• _Description of the task_
Without the images, write out the whole listing exactly.

• _Given information_
= = = = =
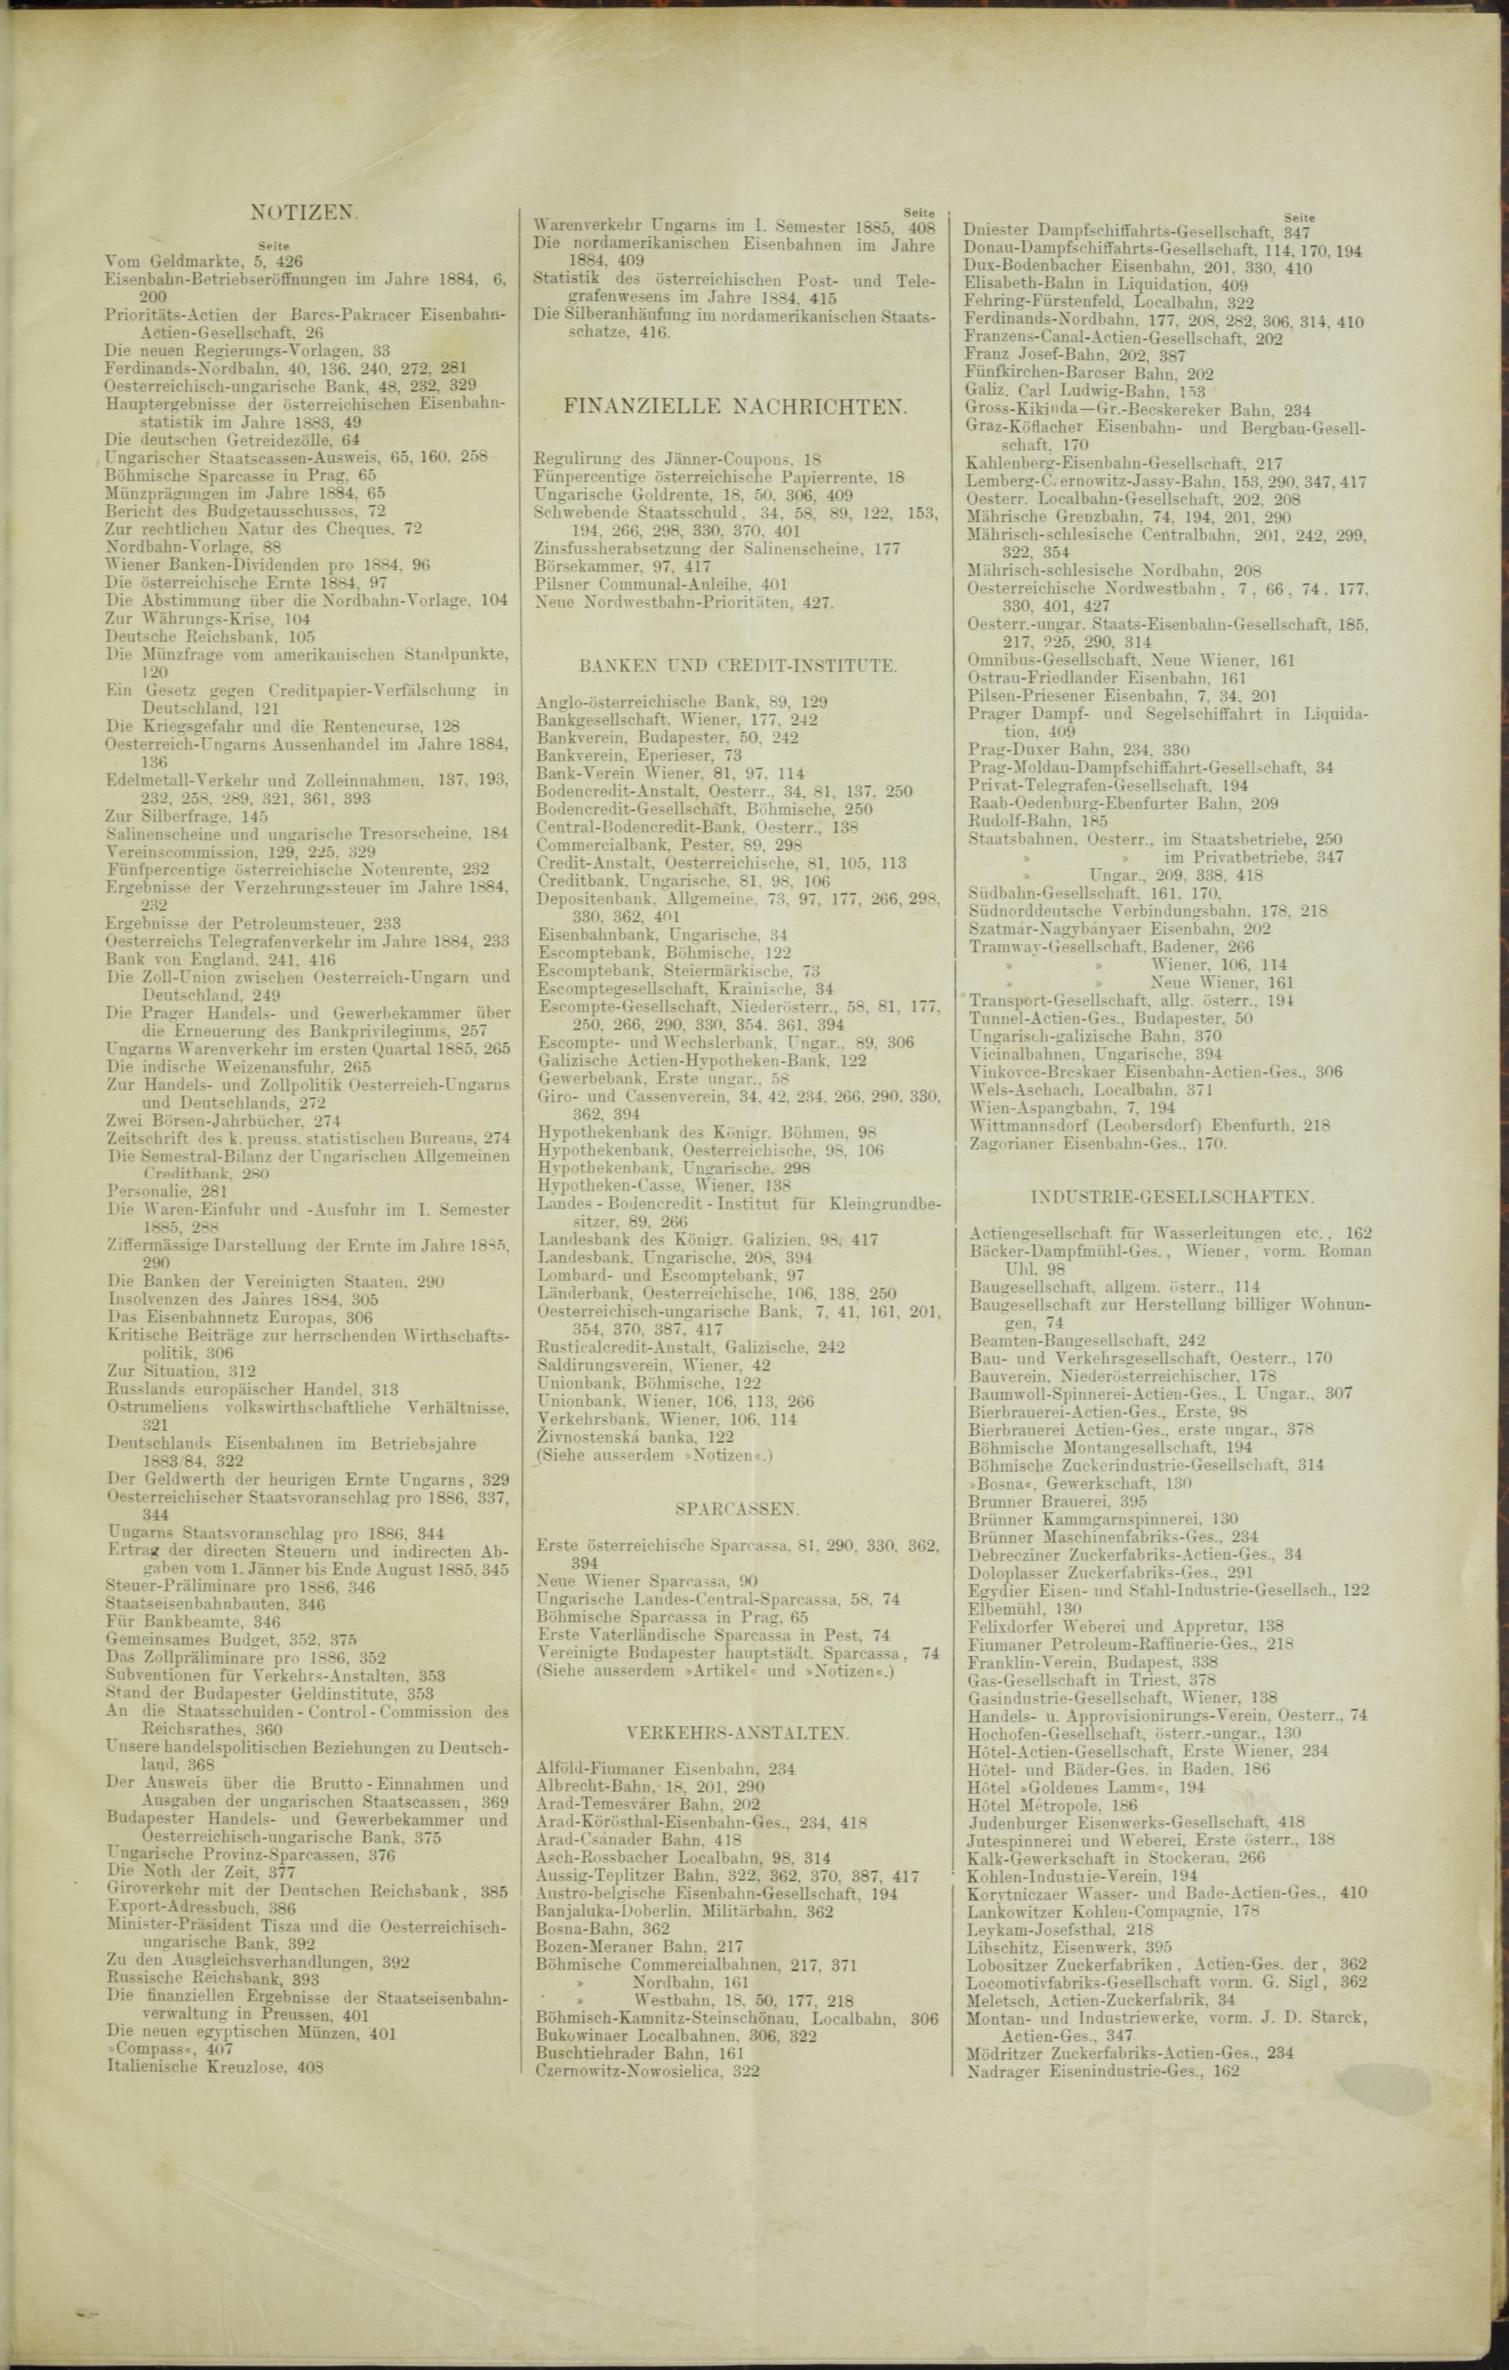 Der Tresor 20.08.1885 - Seite 11
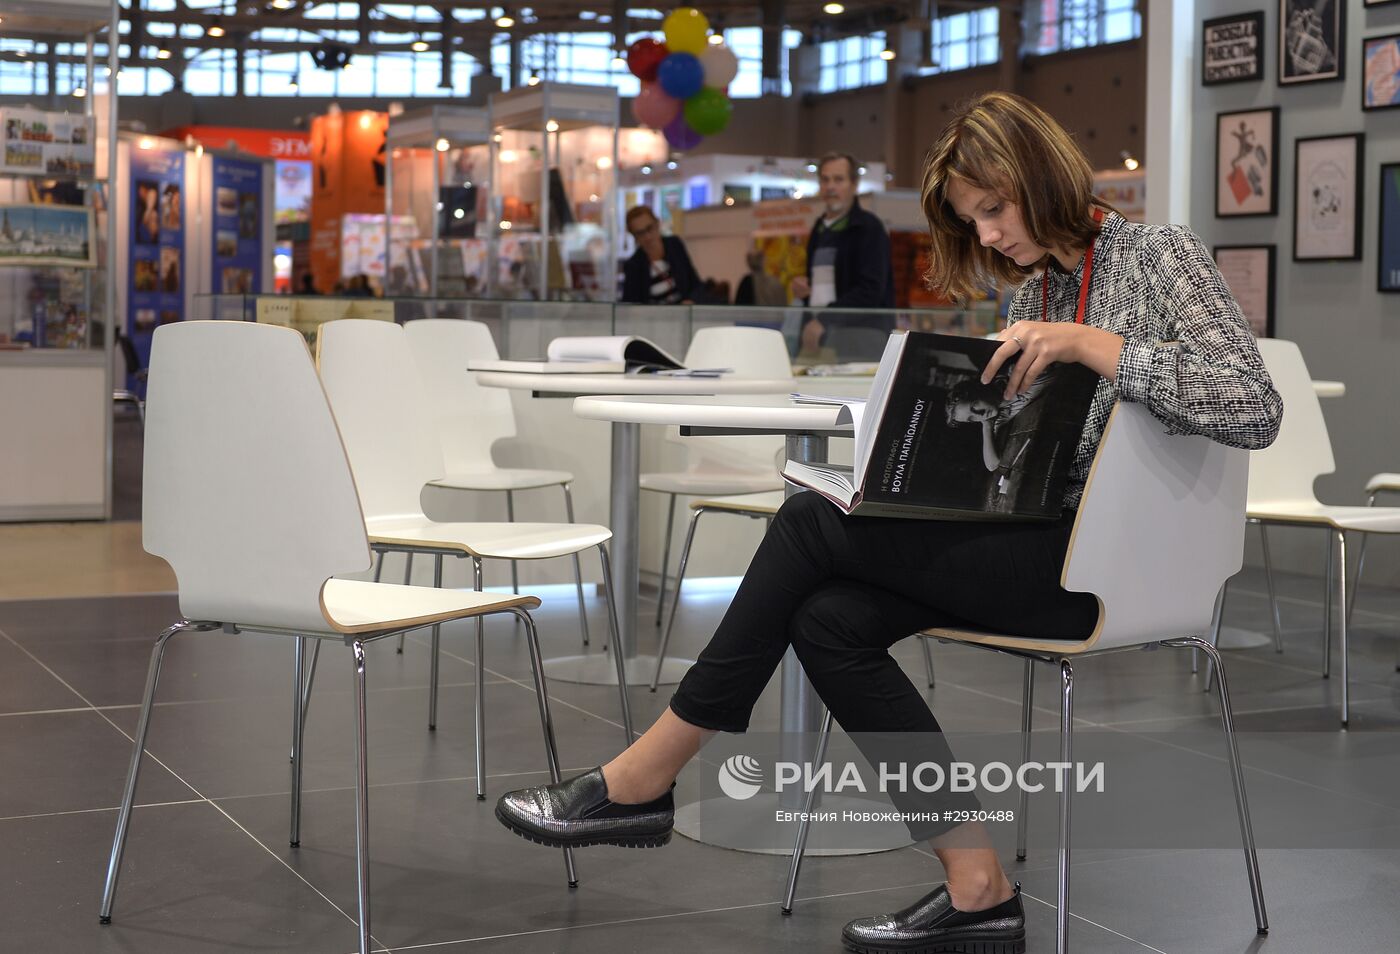 Открытие 29-й Московской международной книжной выставки-ярмарки
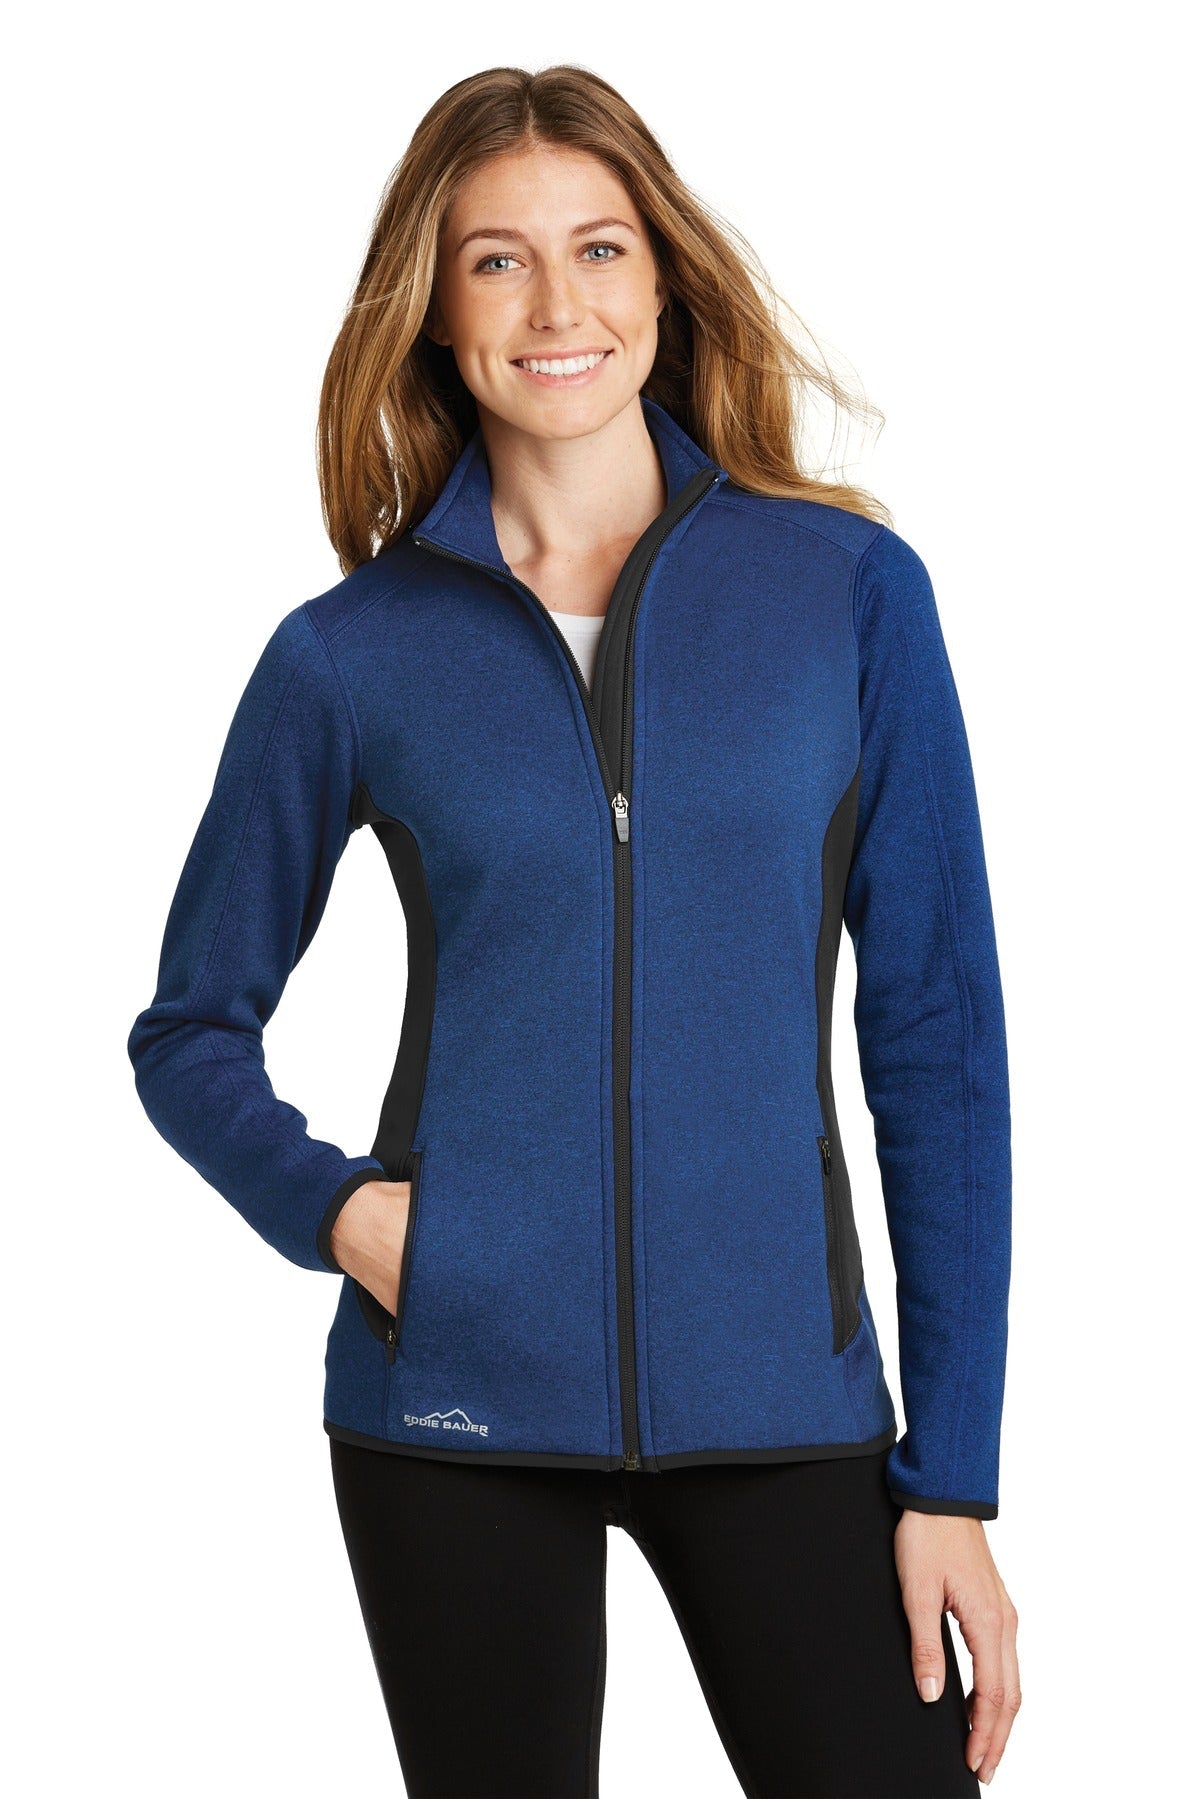 Eddie Bauer® Ladies Full-Zip Heather Stretch Fleece Jacket. EB239 - DFW Impression
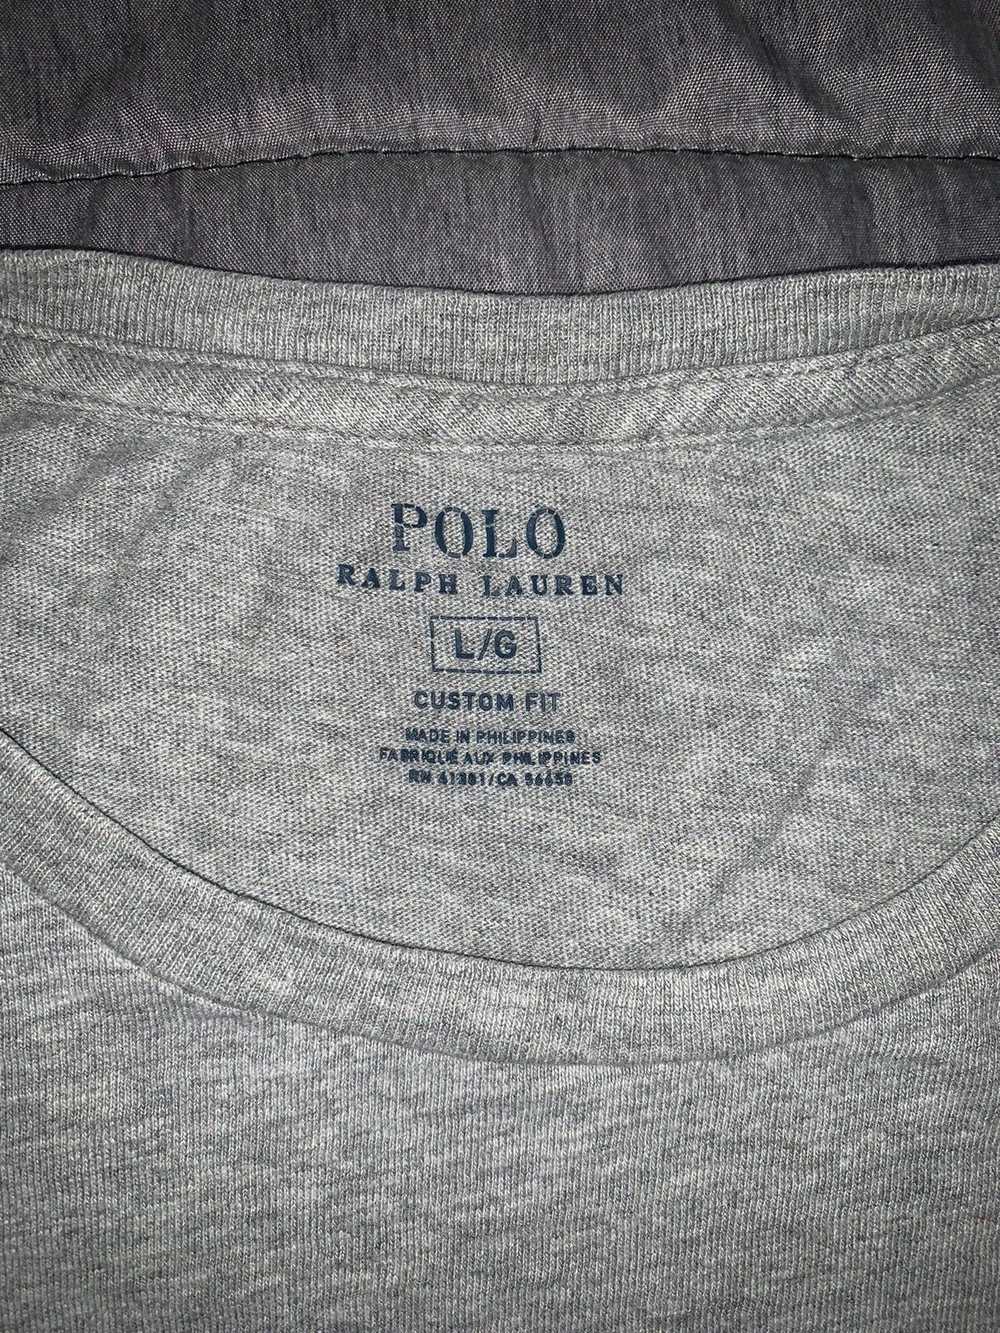 Polo Ralph Lauren × Ralph Lauren × Vintage Polo R… - image 2
= = = = =
• _Answer to the exercise_
 Der Tresor 20.08.1885 - Seite 11
 Открытие 29-й Московской международной книжной выставки-ярмарки
 Eddie Bauer® Ladies Full-Zip Heather Stretch Fleece Jacket. EB239 - DFW Impression
 Polo Ralph Lauren × Ralph Lauren × Vintage Polo R… - image 2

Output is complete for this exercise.